▶ DATA SECTION:
⁂

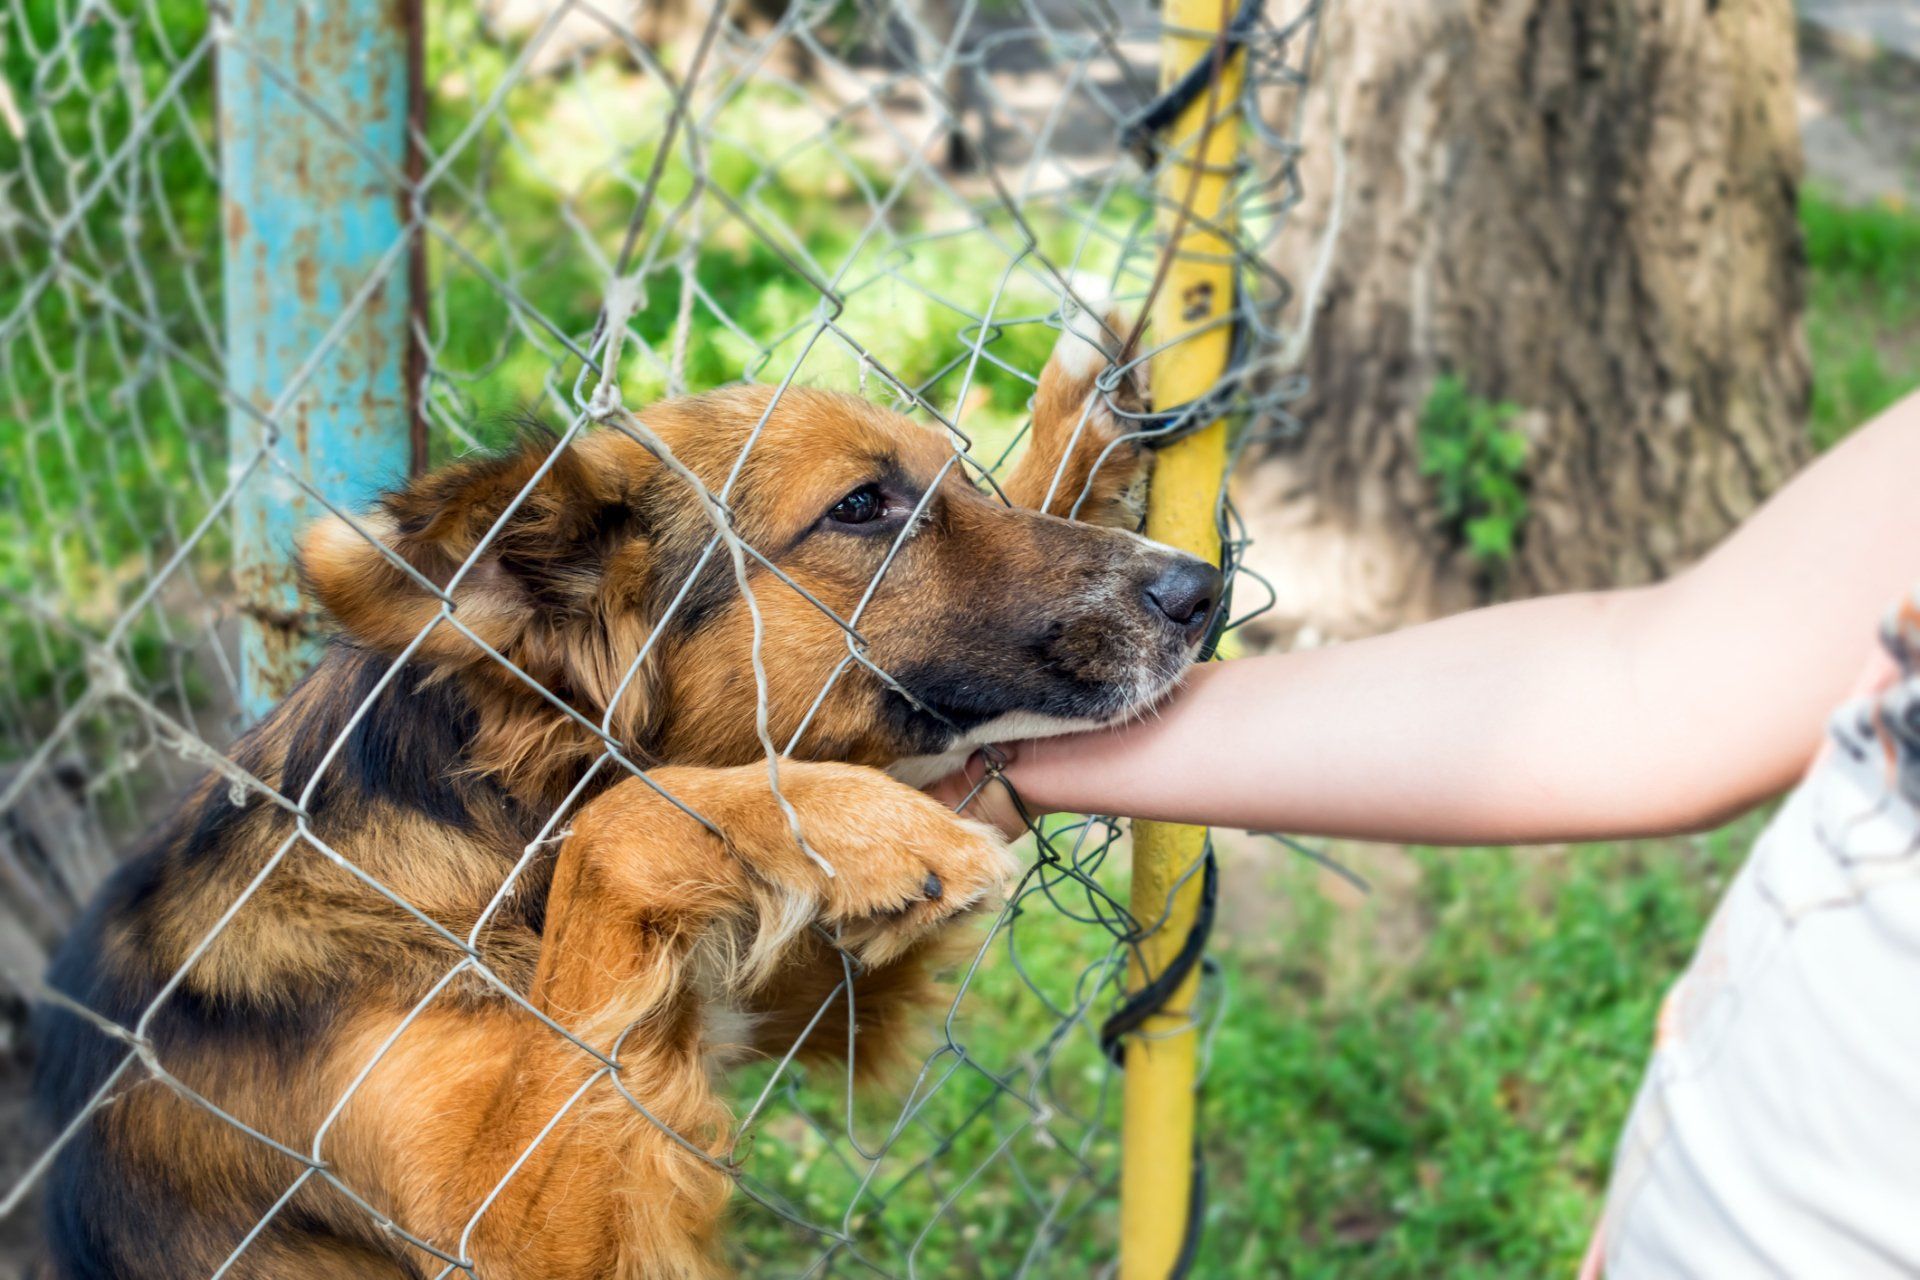 a person petting a dog behind a chain link fence
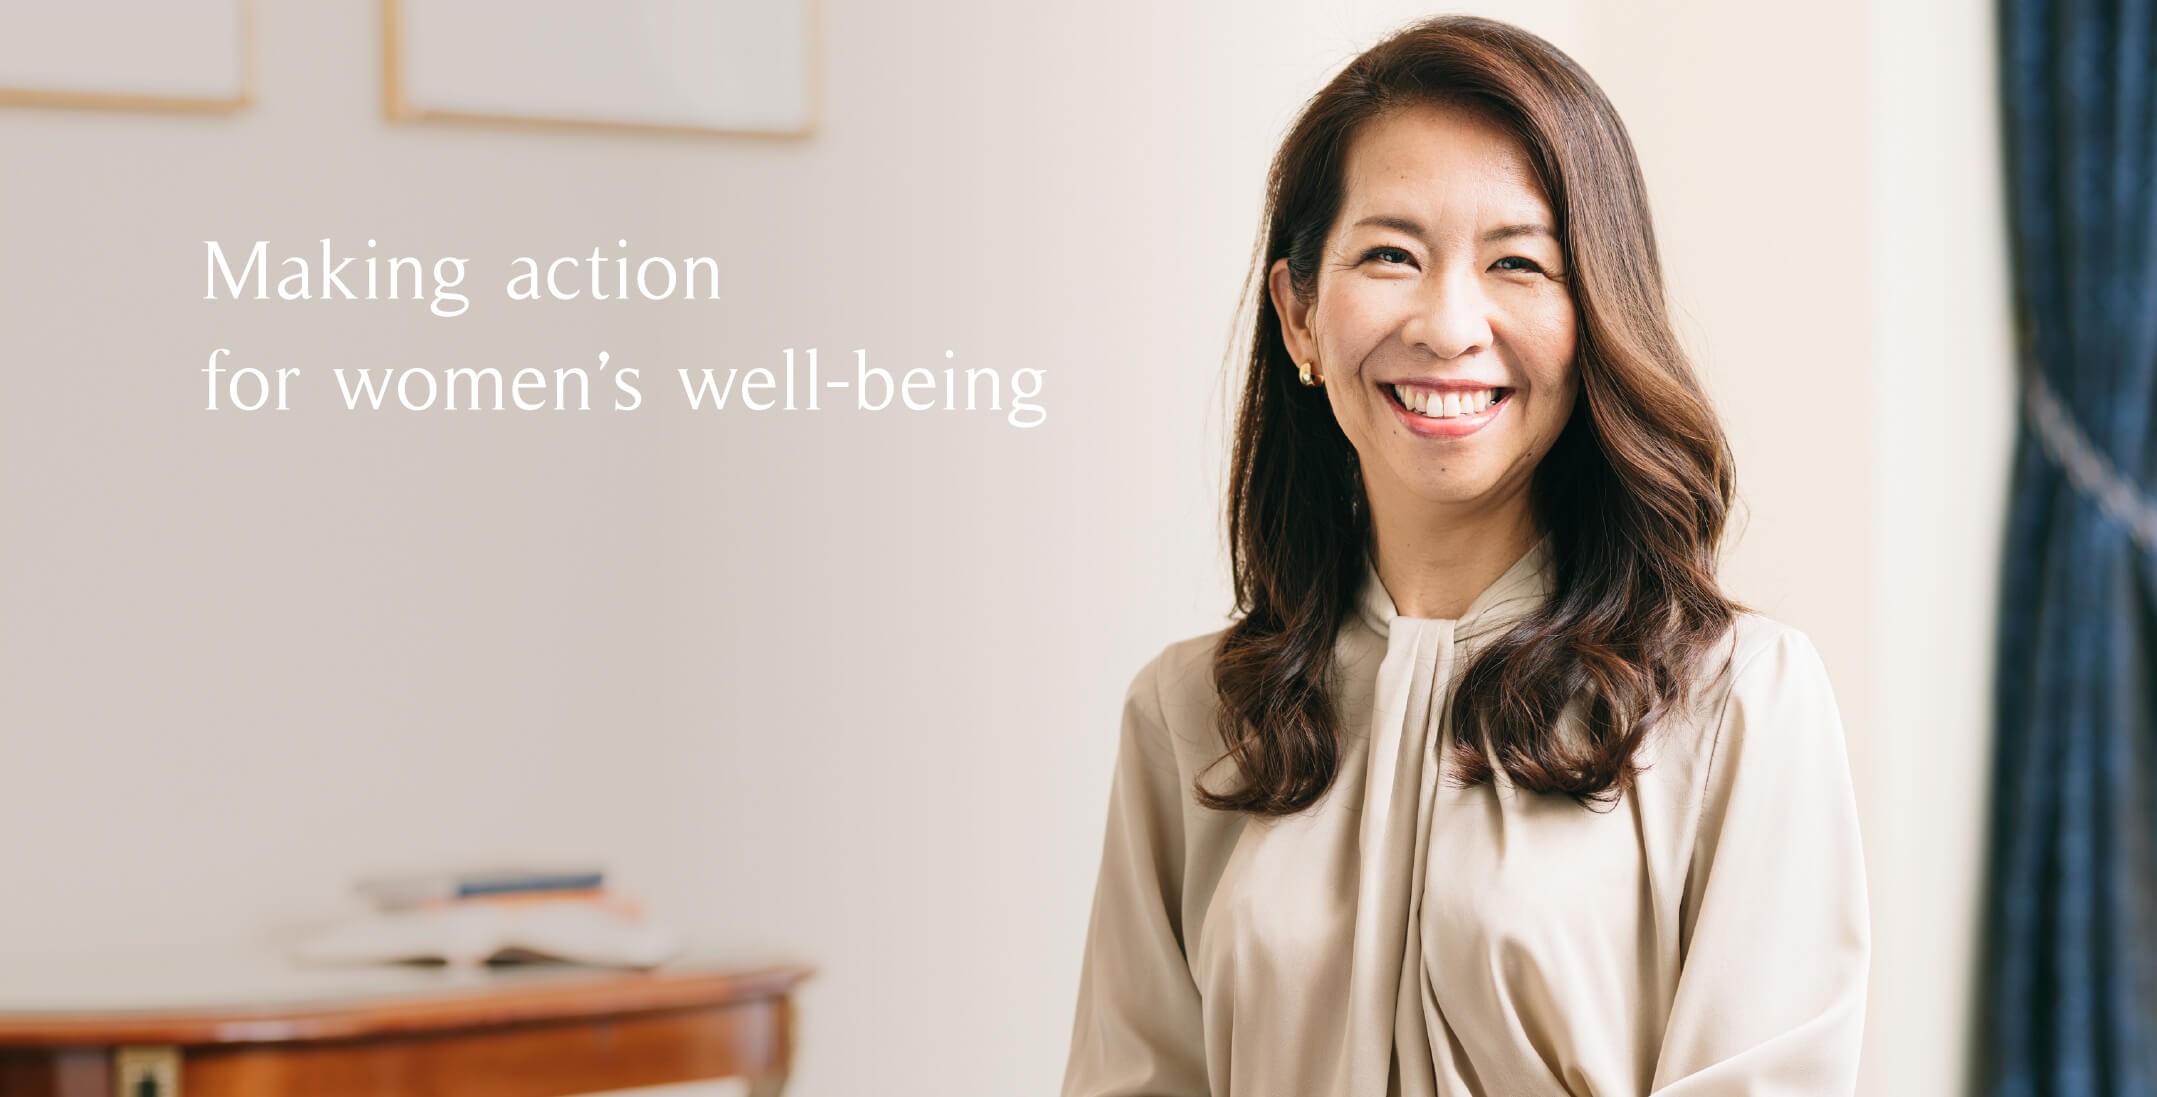 Making action for women’s well-being
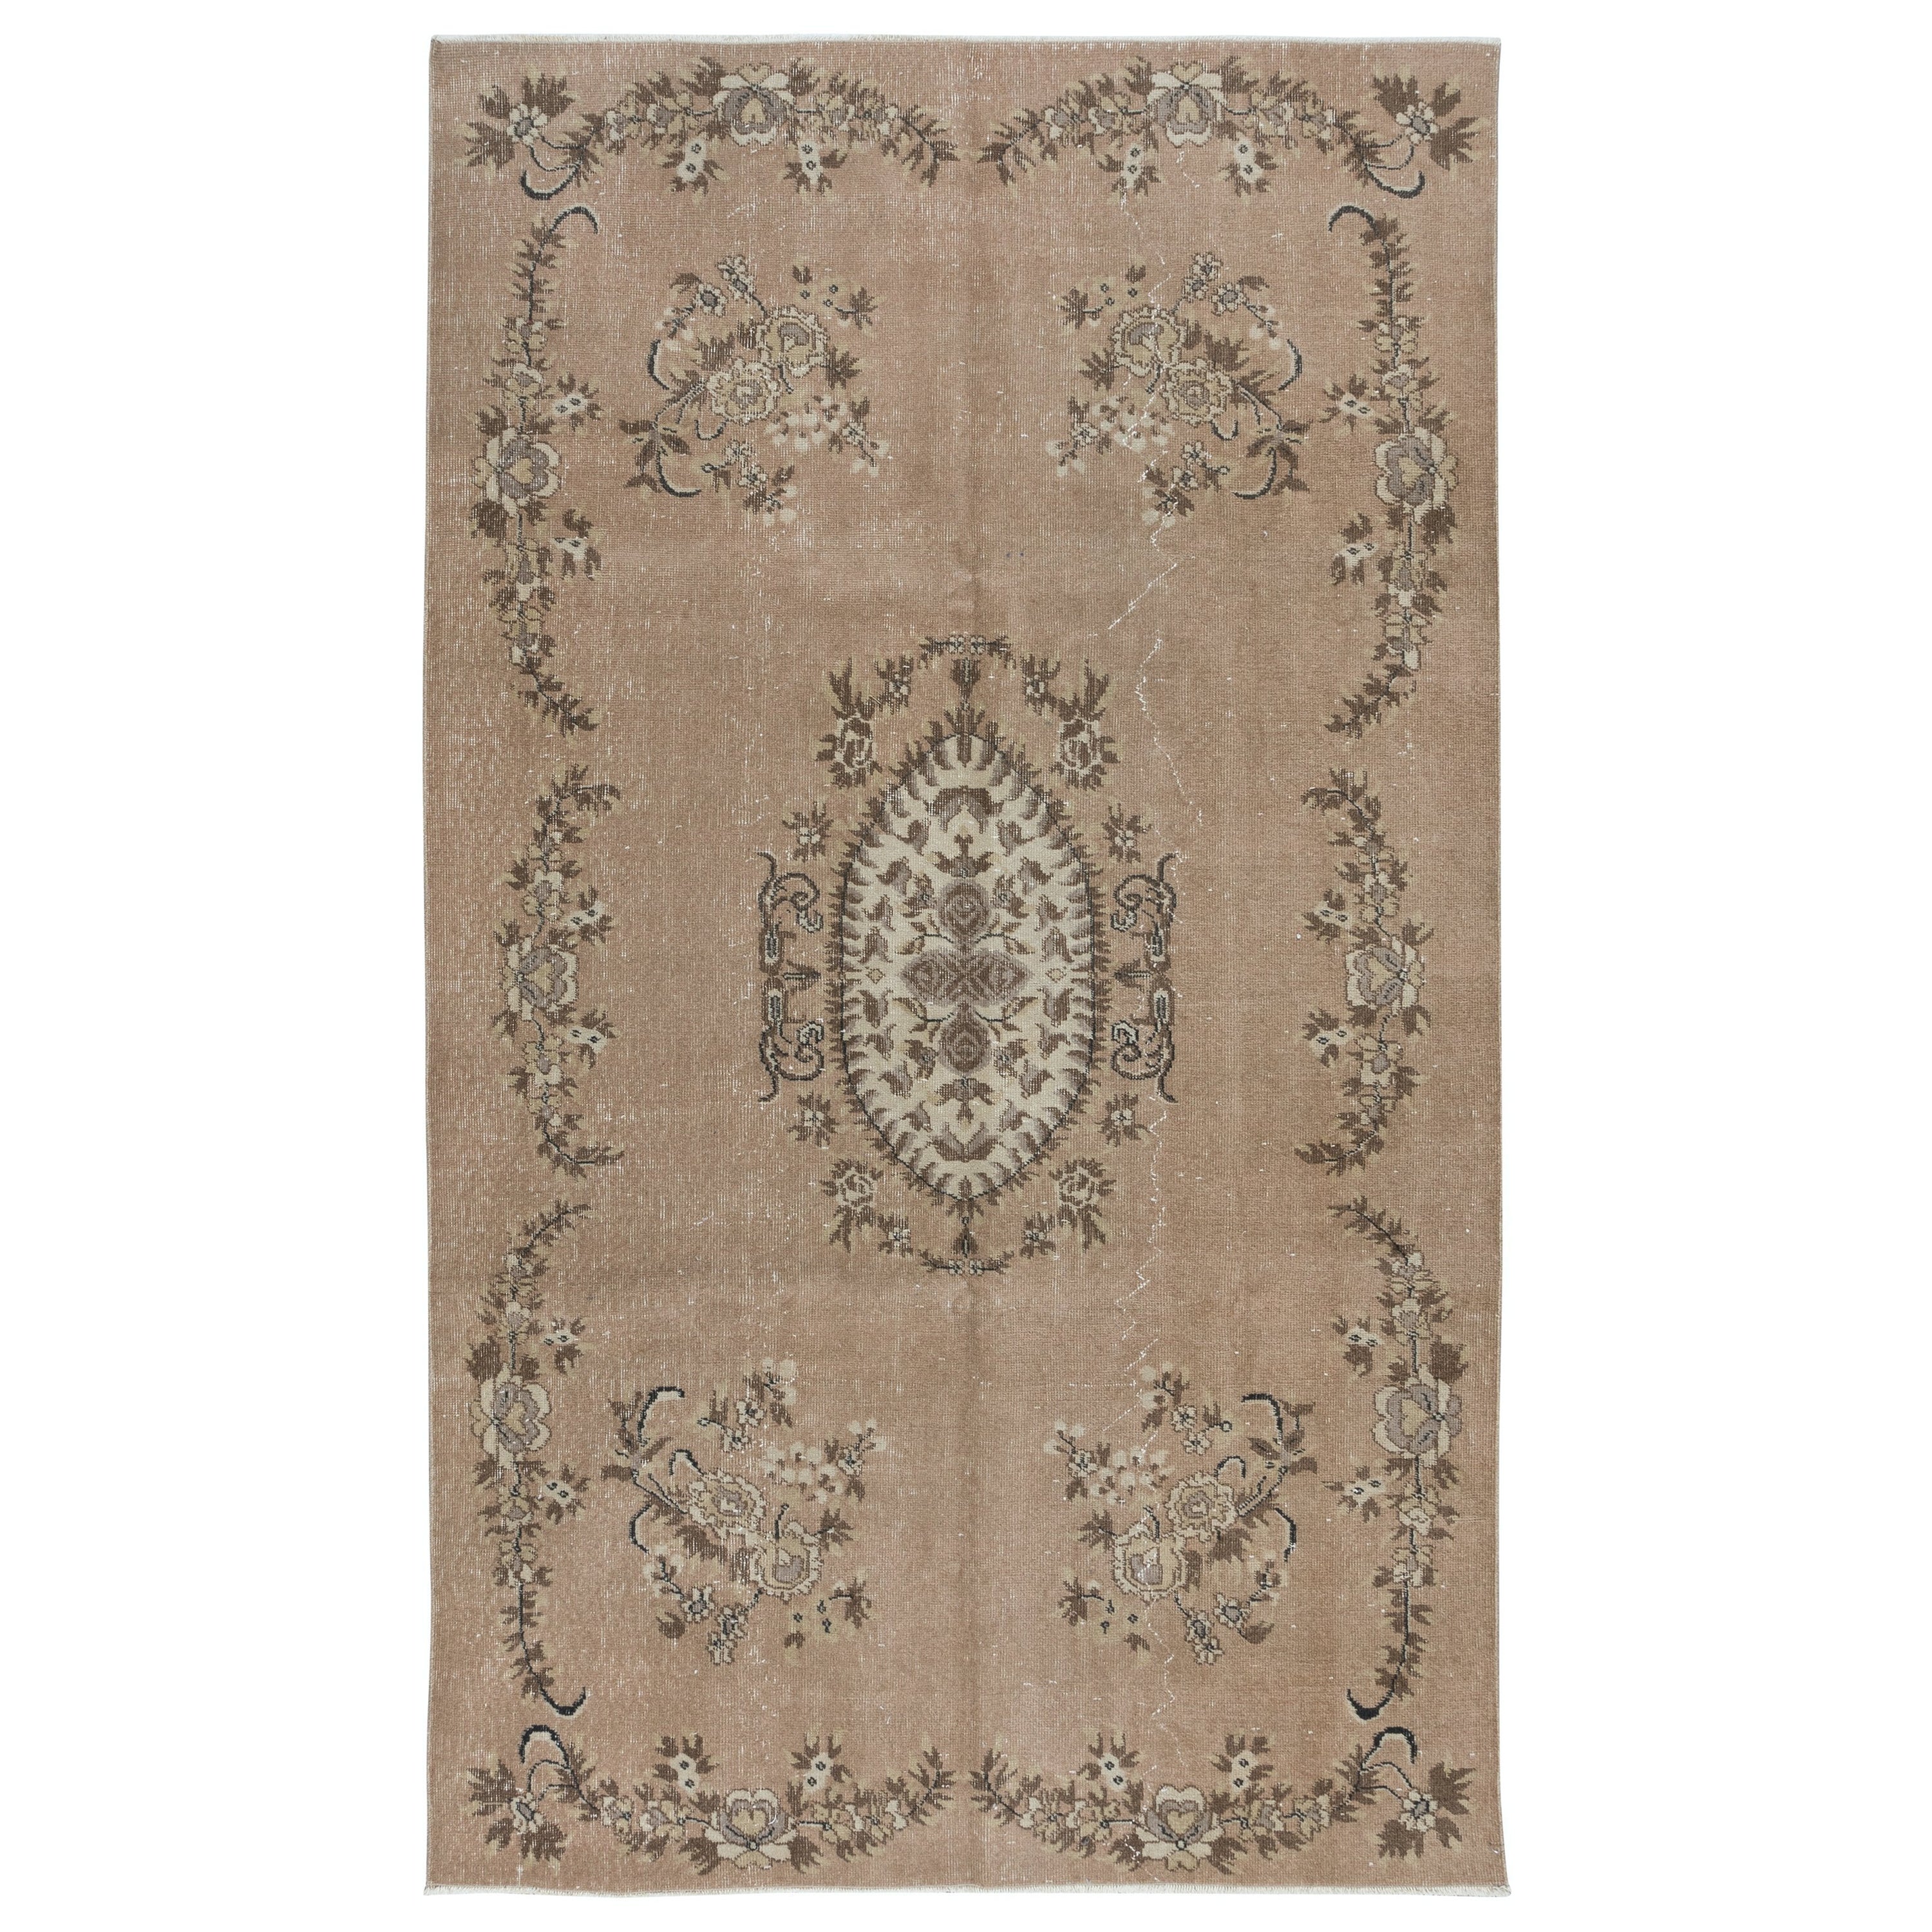 5.5x9 Ft Aubusson French Rug, Handmade Turkish Carpet for Country Homes & Rustic

⁂

Your answer must be the full listing, word for word, minus any images.

▶ EXPECTED ANSWER:
 a person petting a dog behind a chain link fence
 Making action for women’s well-being
 5.5x9 Ft Aubusson French Rug, Handmade Turkish Carpet for Country Homes & Rustic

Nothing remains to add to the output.